• **Problem to work on**: All of the records below are to be output exactly; no image belongs in the result.

• **Extracted records**:
· · ·
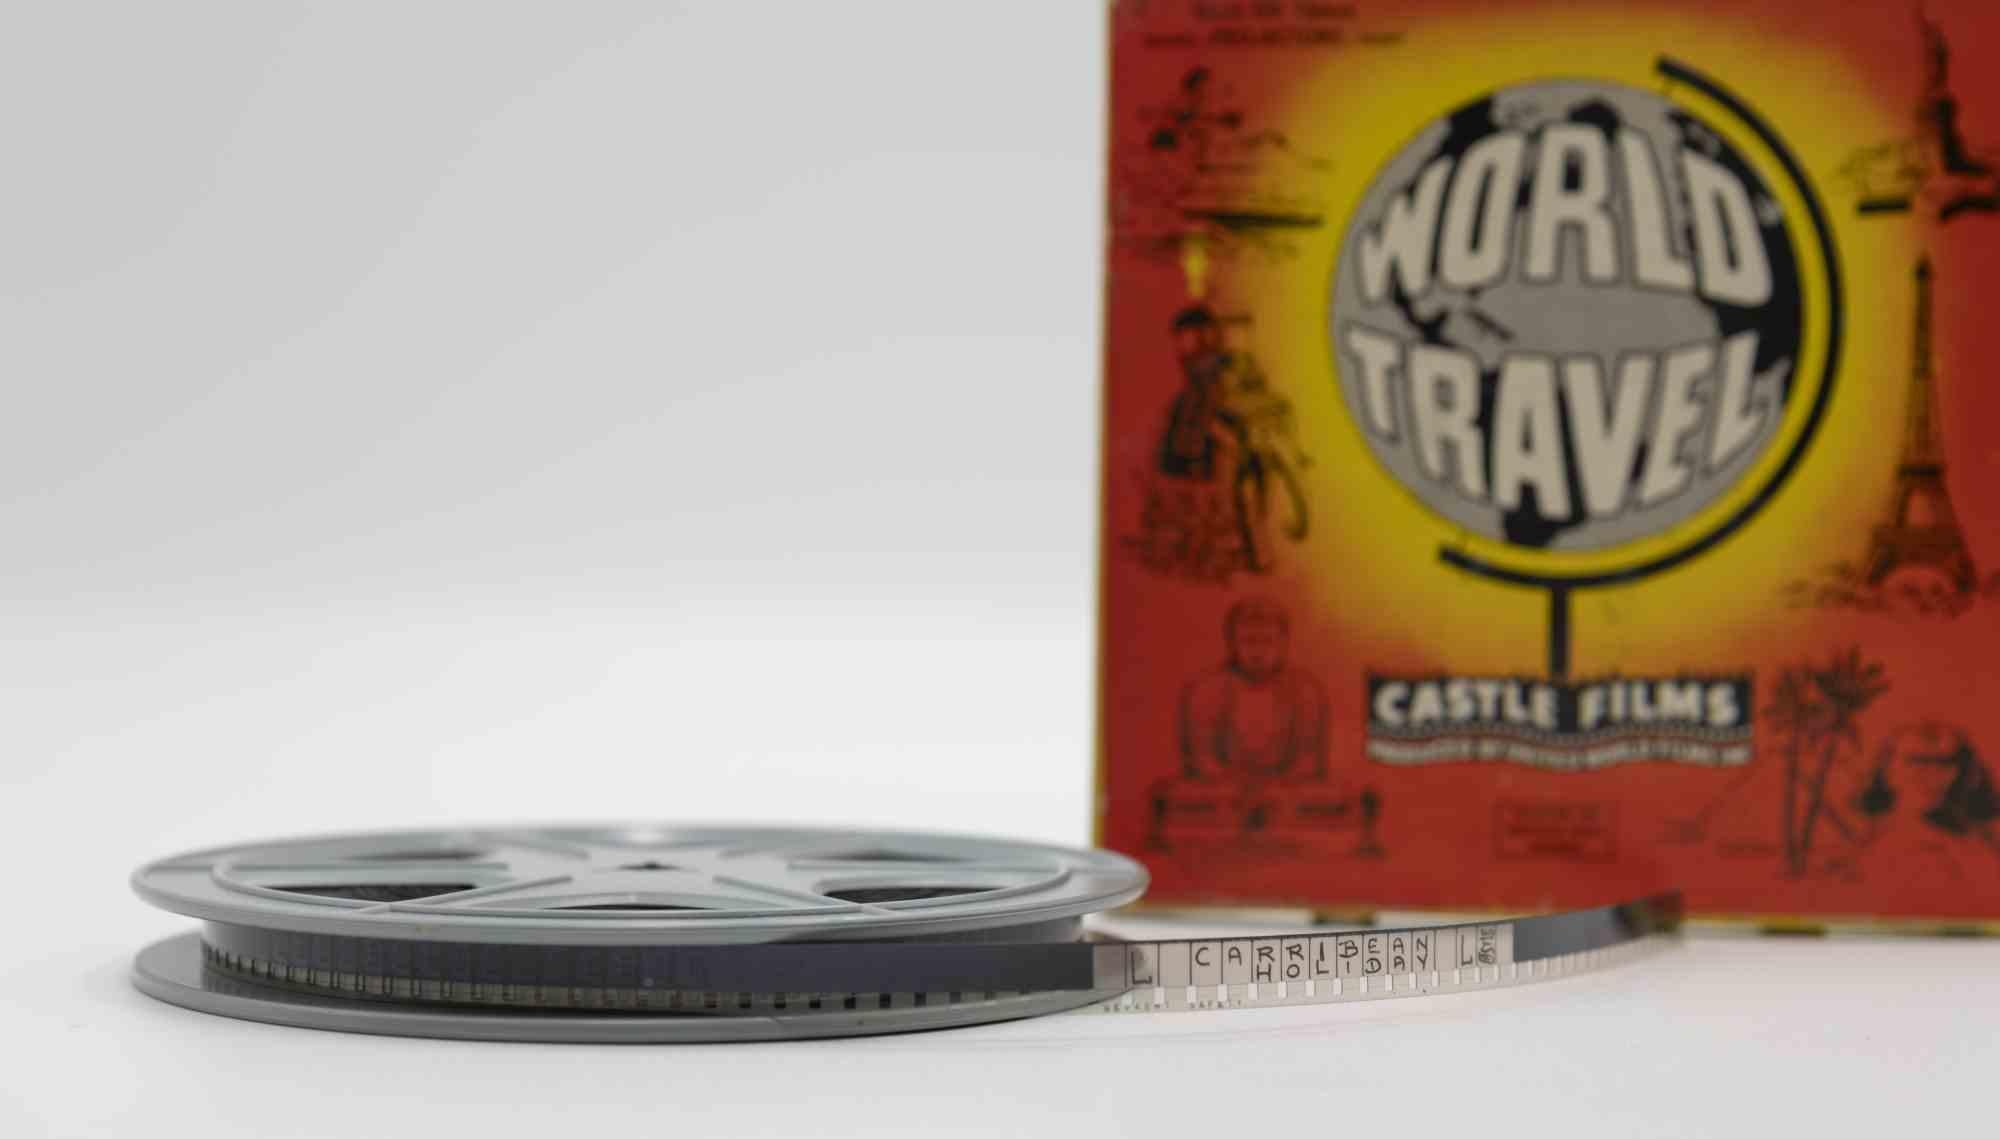 Weltreise ist ein Originalfilm aus den 1960er Jahren.

Gesamtausgabe, Castle-Filme.

Sie enthält die Originalverpackung.

8 mm.

Gute Bedingungen. 
· · ·
• **Result for this task**:
 Weltreise ist ein Originalfilm aus den 1960er Jahren.

Gesamtausgabe, Castle-Filme.

Sie enthält die Originalverpackung.

8 mm.

Gute Bedingungen. 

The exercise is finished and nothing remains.